Making Something Old Look New Again

My friend Joann brought this wall hanging to church yesterday and asked if I had something to get the stains out. I offered to bring it home to see what I could do. I wish I had taken a “before” picture, but I wasn’t terribly optimistic. It was badly stained. To my surprise, an hour-long soak in some OxiClean got out all but a few stubborn spots. It looks much better:

JoannWallhanging.jpg

I’ll give it back to her at sewing on Thursday. I am not a textile conservationist. Sometimes I just get lucky.

I’ll have to ask Joann, too, if this was a family heirloom or what the provenance was. The appliqué is so delicately stitched.

We said goodbye to Margaret after church yesterday. She heads back home this week. We may have a few new faces at quilting this week—my friend Susan is now retired and will be able to come. Margaret’s niece, Barb, who has been teaching in Europe for many years (most recently in Slovakia), also just retired and moved back to Kalispell. And Barb has a niece who was in elementary school with my girls and has expressed an interest in joining us, which means I won’t be the youngest one at quilting anymore.

I’m almost done with the comforter top. At the rate we’re picking up new people at sewing, though, I may have to make a few more. I could always bring a machine with me and sew while others quilt and tie.
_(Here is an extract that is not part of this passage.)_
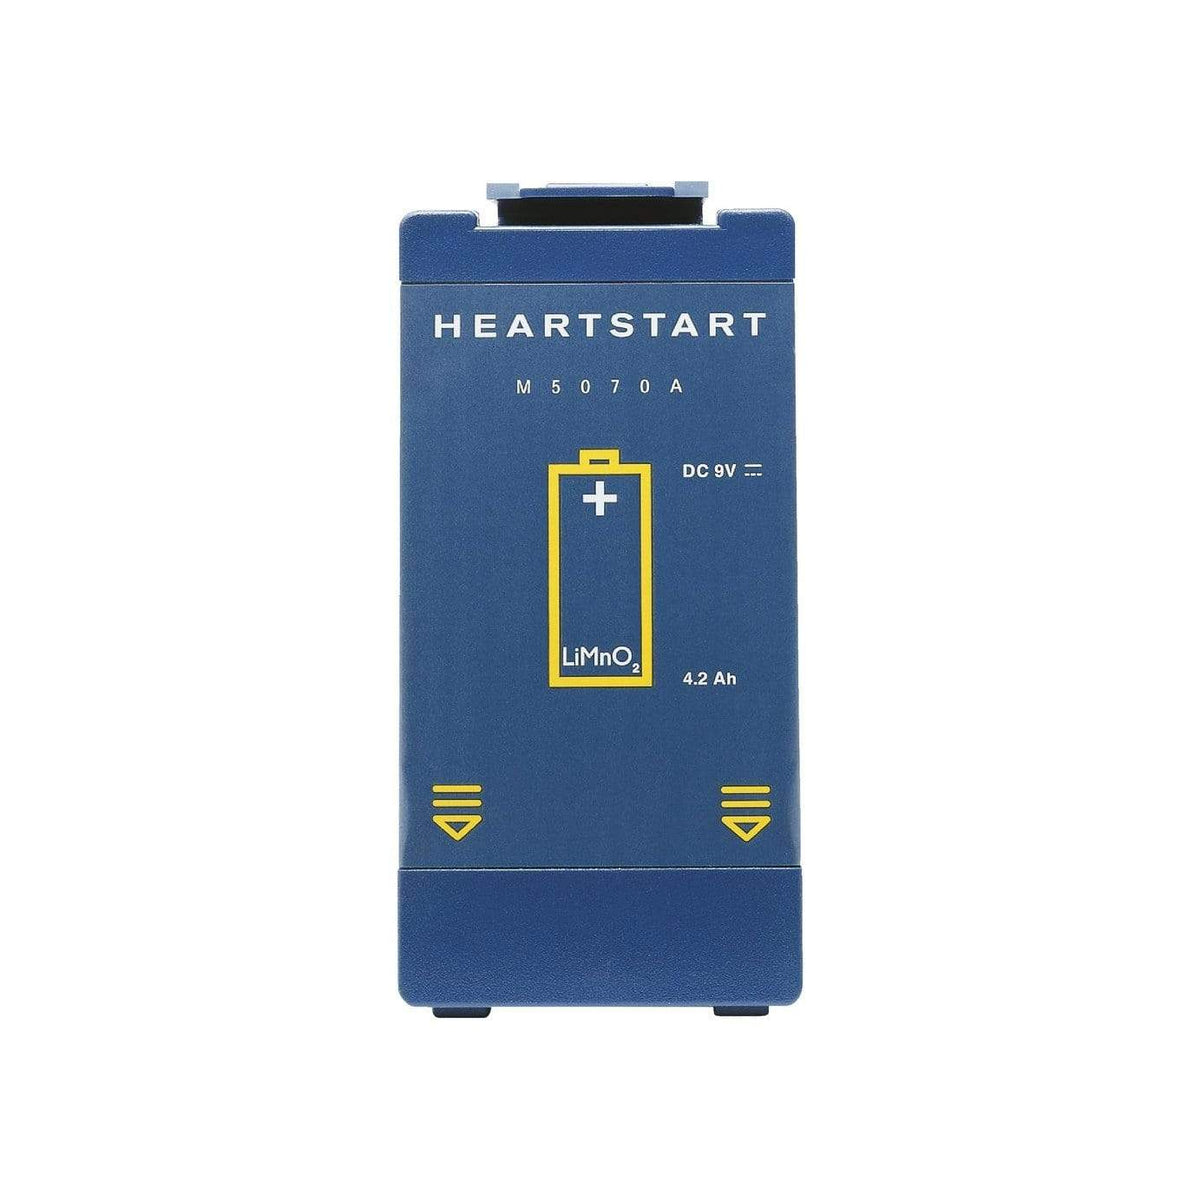 Heartstart FRx / HS1 Battery (M5070A)

Joann, who is in charge of our prayer shawl ministry at church, noted that we’ve given away quite a few recently and our stock is low. I have one that is almost done and I’d like to finish it and start another one.
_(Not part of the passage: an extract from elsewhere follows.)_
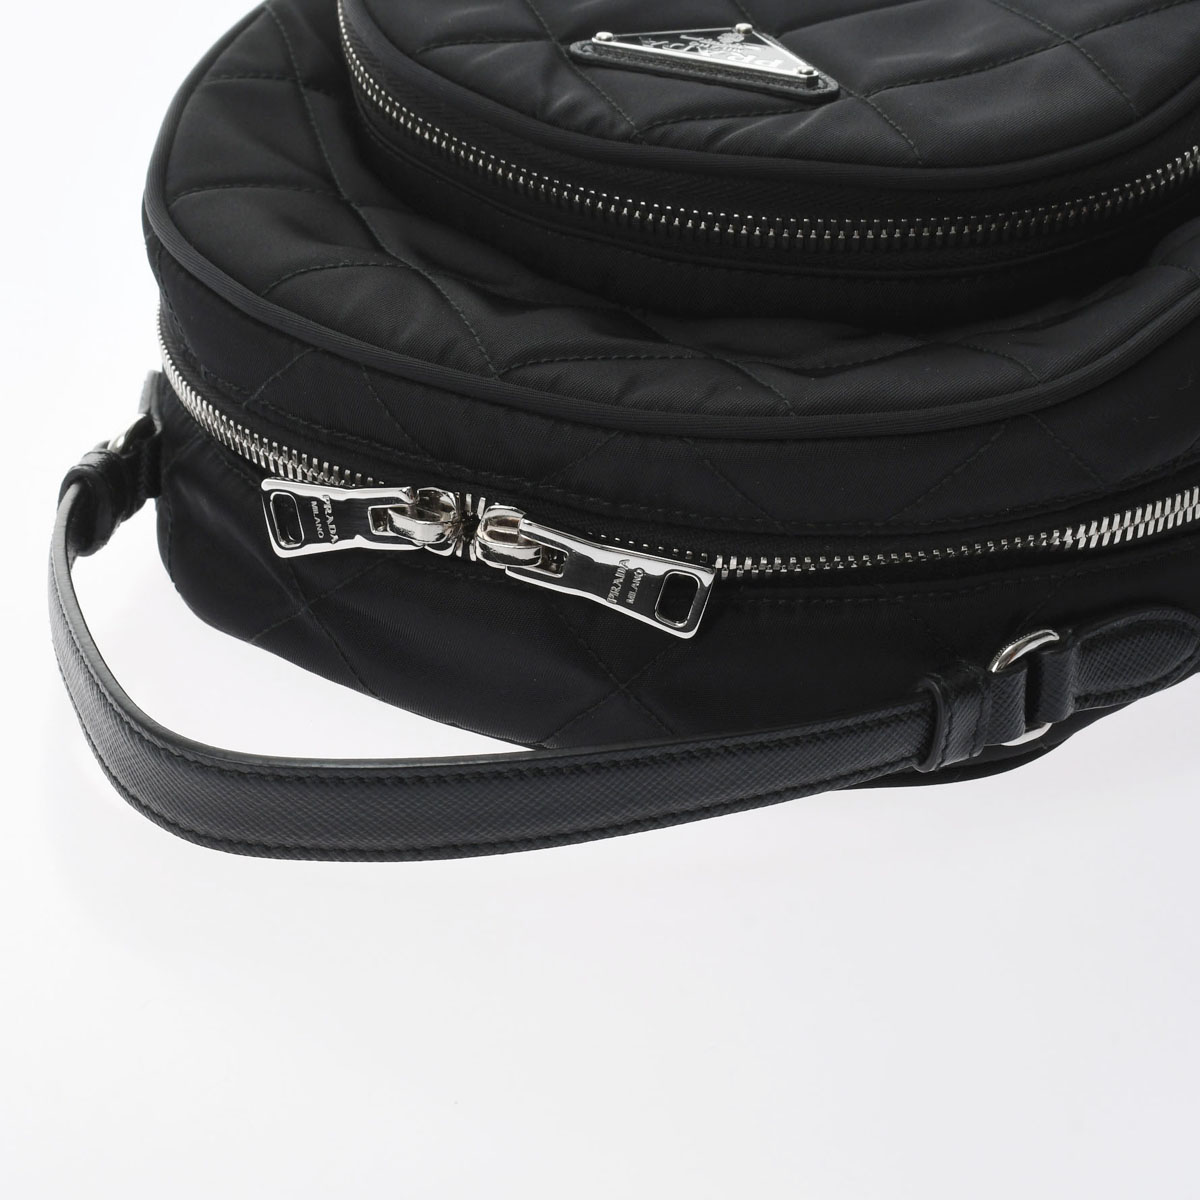 プラダ / PRADA バックパック アウトレット品 ブラック 1BZ066 ナイロン レディース バッグ 【未使用】【bag】

******************************************************

I realized this morning that my current to-do list is all over the map in terms of tasks:

  • Gardening

  • Processing produce and cooking

  • BSKD website/social media

  • Sewing/knitting

  • Grading apron patterns and a backlog of design ideas

My days are not like they were when I was transcribing; back then, I could get up in the morning and count on eight straight hours of a specific kind of work. Now I’ve got to figure out what tasks I want to do when and which part of my brain is going to get the exercise. Sometimes produce leaps to the top of the list because it won’t wait. I can only do website work for about two hours before I get cross-eyed. I have to be careful about timing the pattern grading work, because once I start, I could go for hours without coming up for air. (And someone still needs to be fed regularly.) Canning is a study in multi-tasking, or as the husband refers to it, “Doing many things badly at the same time.” (I am a wicked multi-tasker so that doesn’t really apply to me.) Sewing and knitting—once everything is cut and ready to go—is rather mundane and mechanical.

The schedule is ever changing, which has its good and bad points. I’m never bored, but sometimes I feel like I am jumping around too much trying to give attention to all these different tasks.

Regarding the website: I have about a dozen patterns, all the books, and half the back issues of Twists and Turns listed for sale. I want to get the other half of the back issues done (20 more individual issues and five compilations) and add half a dozen additional patterns, and then I am going to make the new site live. I don’t want to wait until everything has been added because it might be December before that happens. September and October are going to get crazy quickly.

******************************************************

DD#1 asked me last week if I would make her a new bugout bag. She thinks the one she had was stolen from her car because it has gone missing. DD#2 needs one, too. I constantly hammer on the topic of being prepared for emergencies, especially as both of them are living in an earthquake zone. It was a good excuse to get my bugout bag out of the car and go through and update it, too. These bags are nothing fancy, just sturdy backpacks filled with a variety of items one might need if one were stranded for a couple of days. I have a separate bag that I keep in the car which holds my knitting, because being stranded somewhere for a couple of days with nothing to occupy my hands definitely fits my definition of “emergency.”

Speaking of bugging out, I am itching for a road trip. I hesitate to leave for very long, though, because the weather has turned hot and dry and windy. It’s been a relatively quiet fire season so far but there is no reason to believe it is going to stay that way. I may still try to get down to Missoula for the day. I’d really like to visit The Confident Stitch and see what they have available.